╭─ Data to use

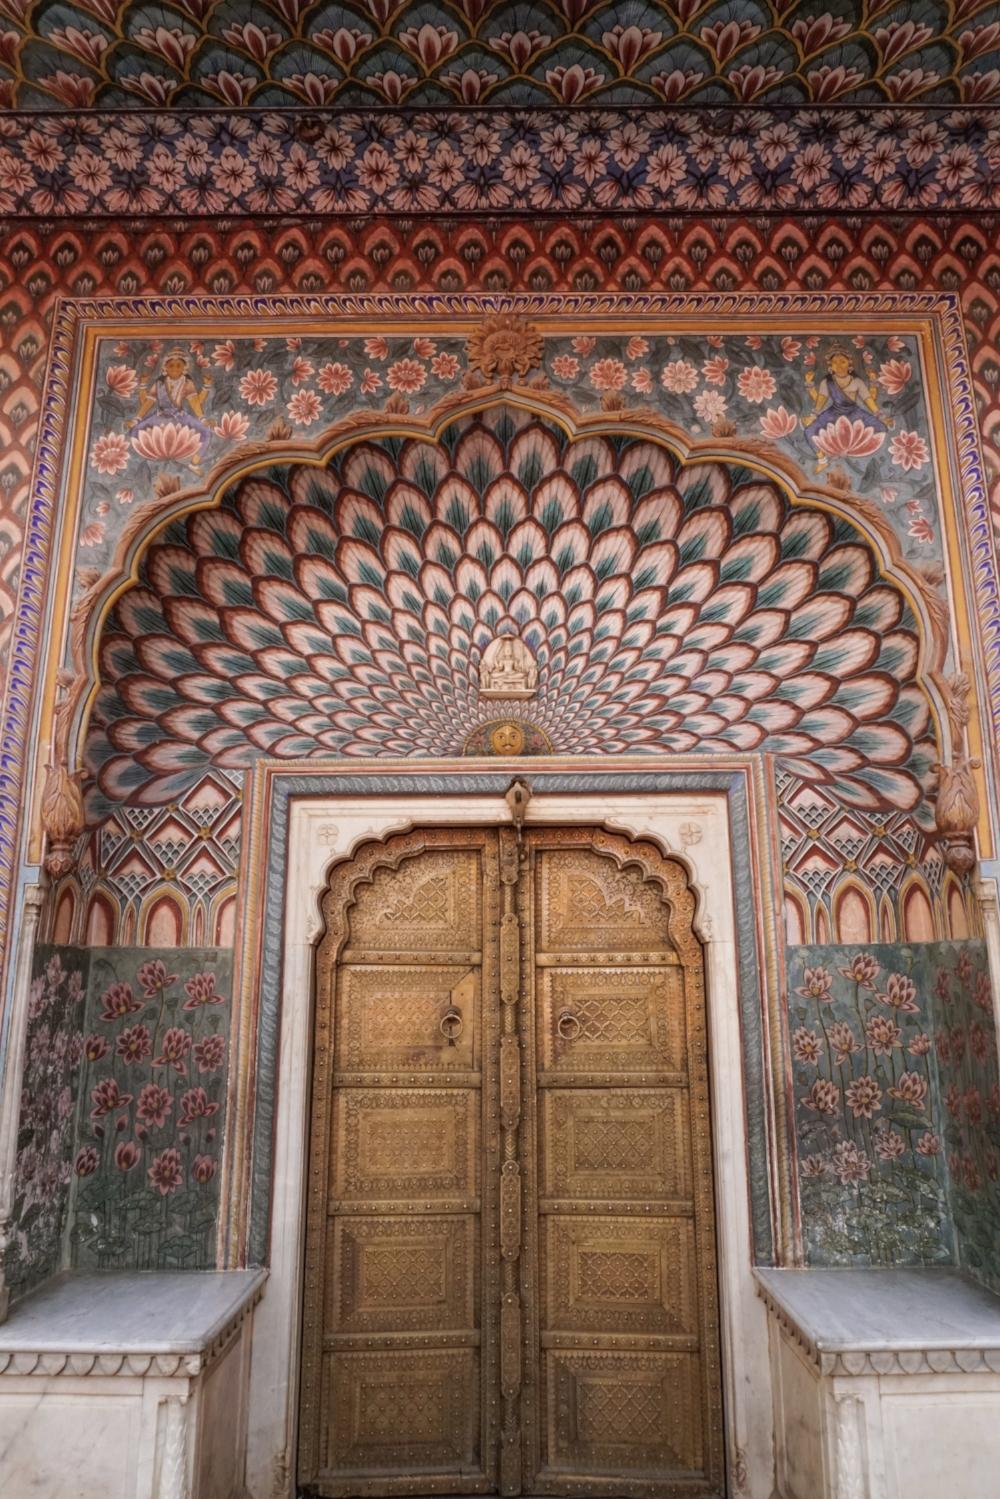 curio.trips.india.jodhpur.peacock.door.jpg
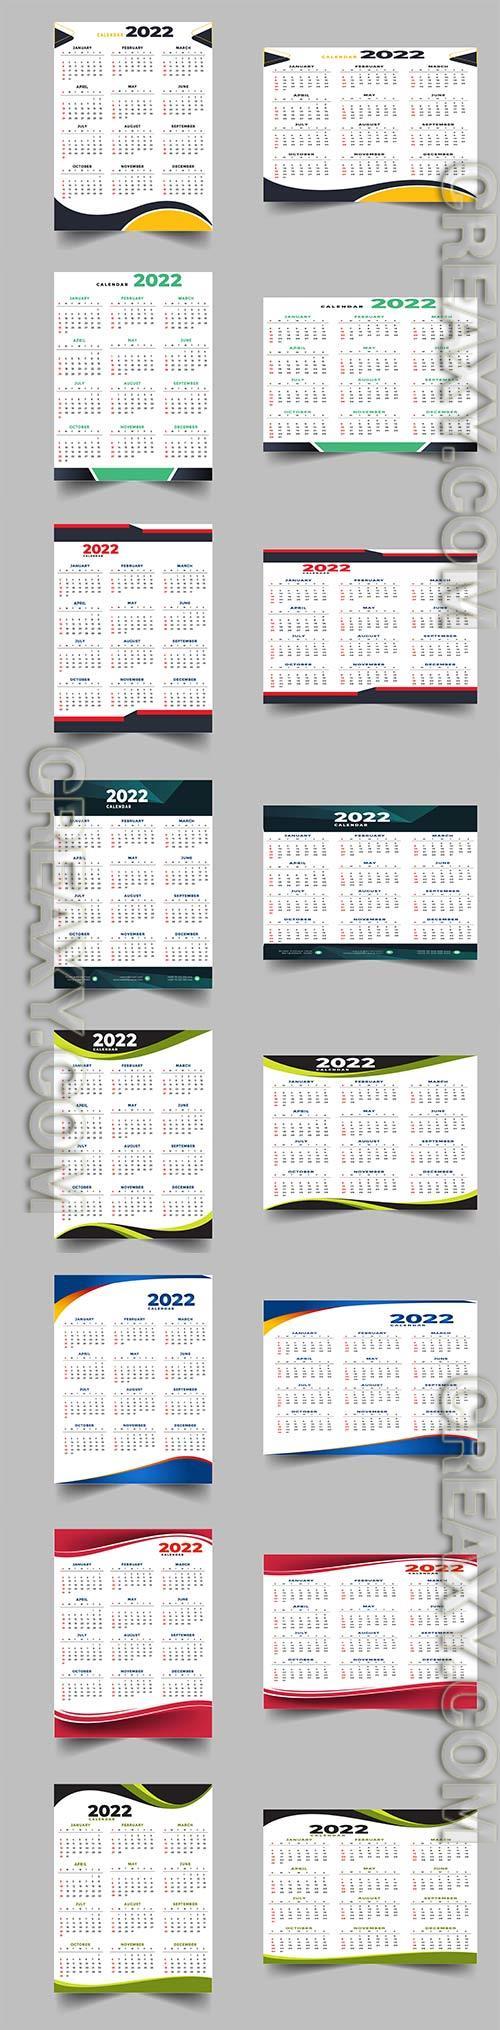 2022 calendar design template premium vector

╰─
╭─ Data to use

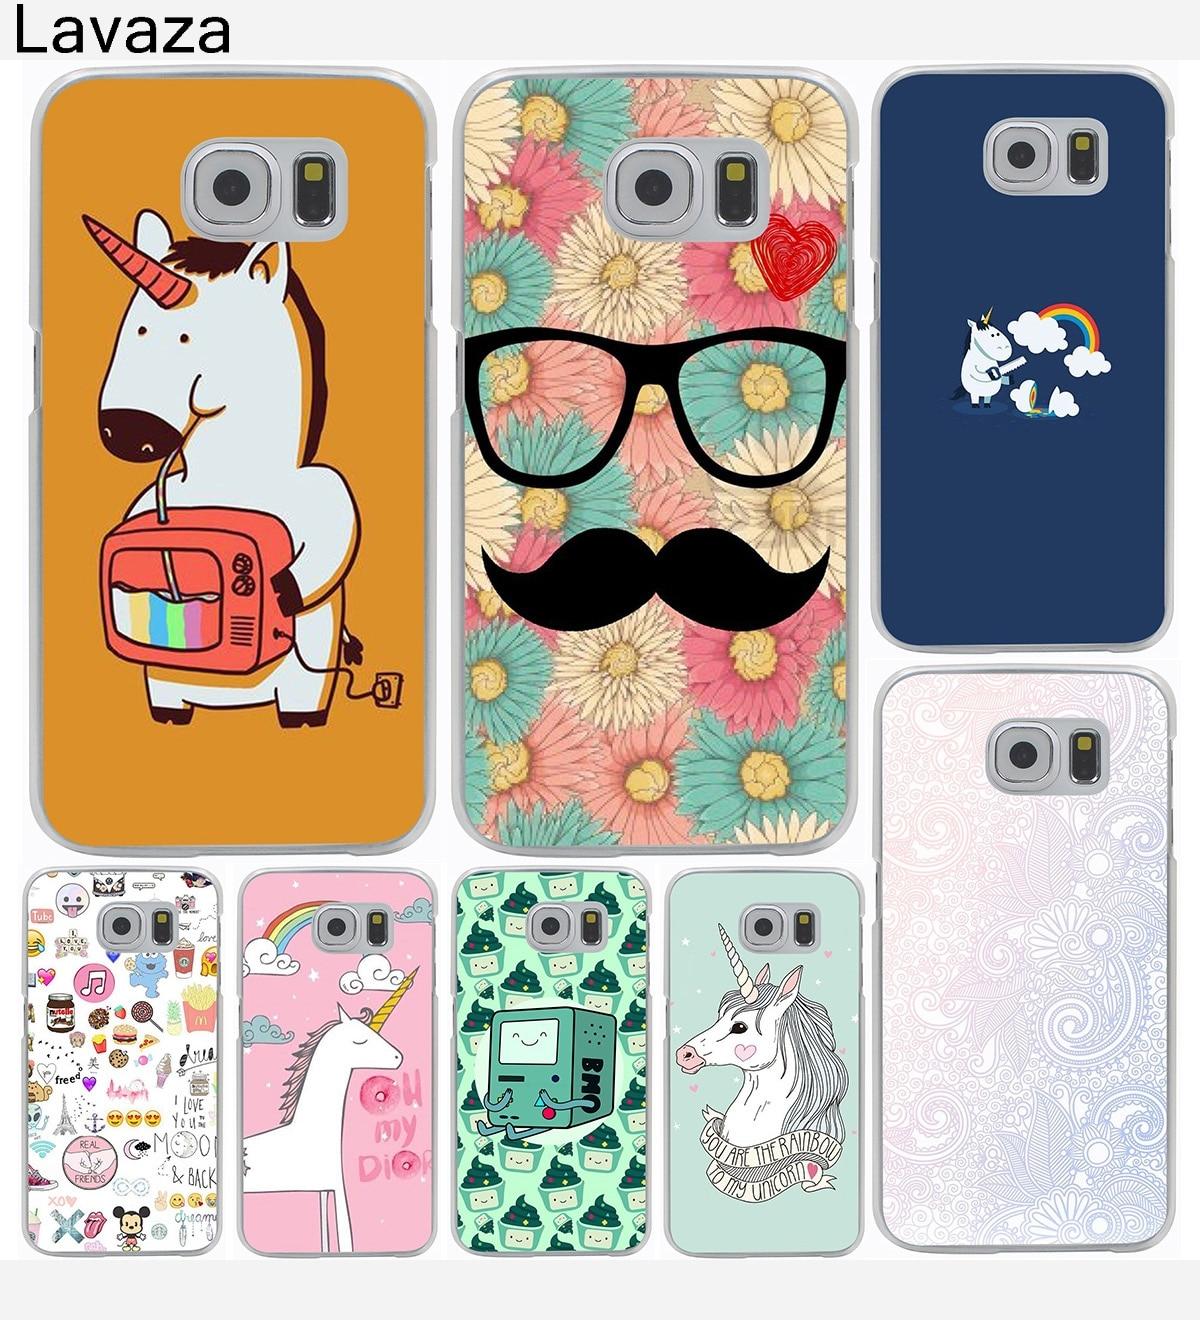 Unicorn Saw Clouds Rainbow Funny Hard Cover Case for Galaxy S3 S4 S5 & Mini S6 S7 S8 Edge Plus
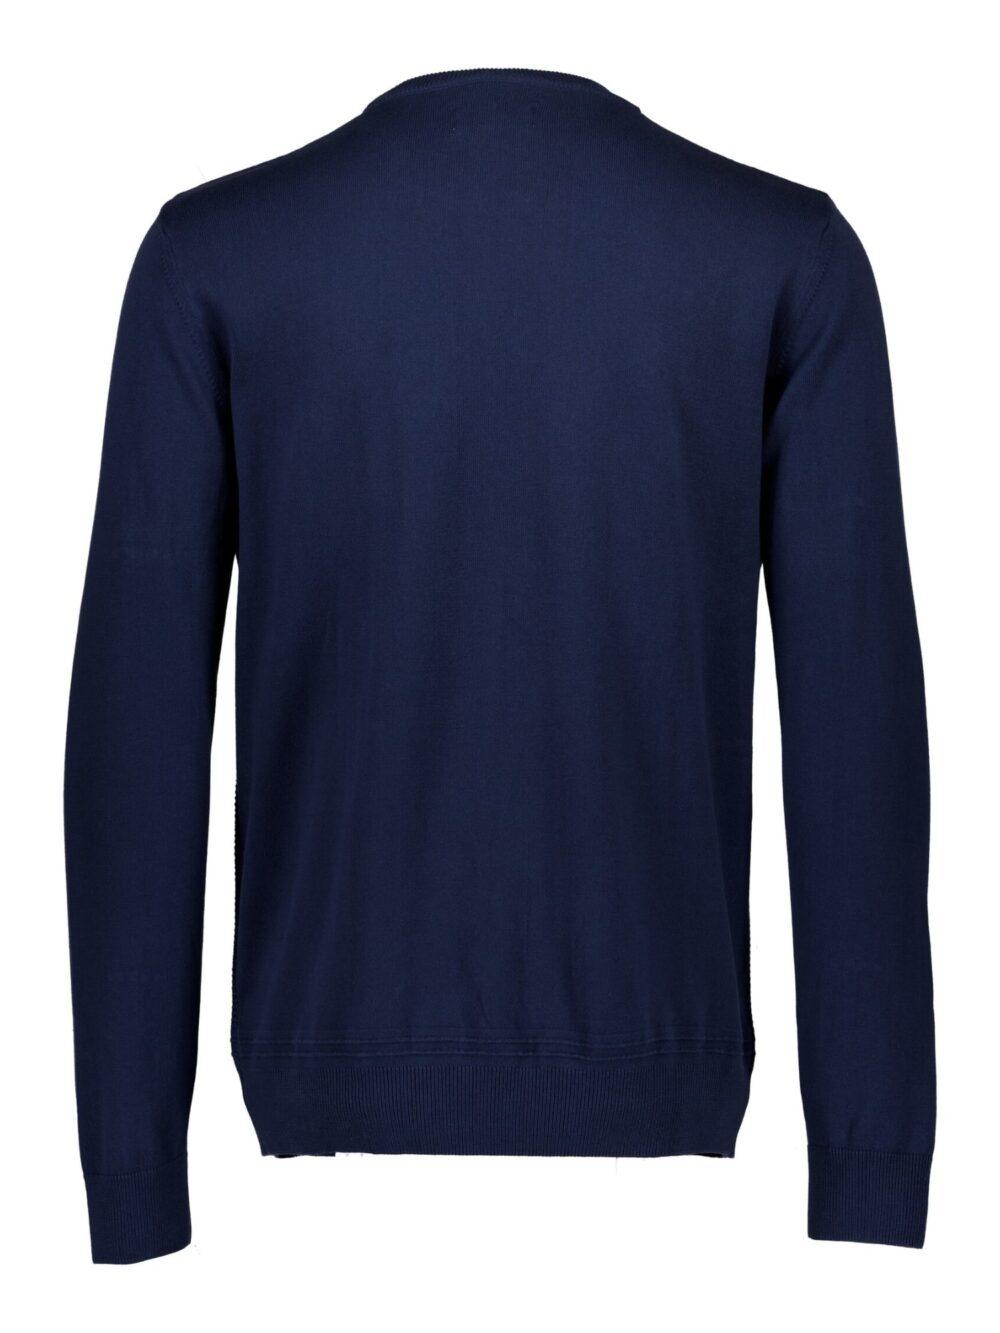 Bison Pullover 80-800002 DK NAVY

╰─

Exercise
Only one stretch of the listing above is to be duplicated: the lines from the one containing "Unicorn Saw Clouds" through the one containing "Bison Pullover 80-800002 DK NAVY", both included. Copy them exactly, minus the pictures.

Worked solution
 Unicorn Saw Clouds Rainbow Funny Hard Cover Case for Galaxy S3 S4 S5 & Mini S6 S7 S8 Edge Plus
 Bison Pullover 80-800002 DK NAVY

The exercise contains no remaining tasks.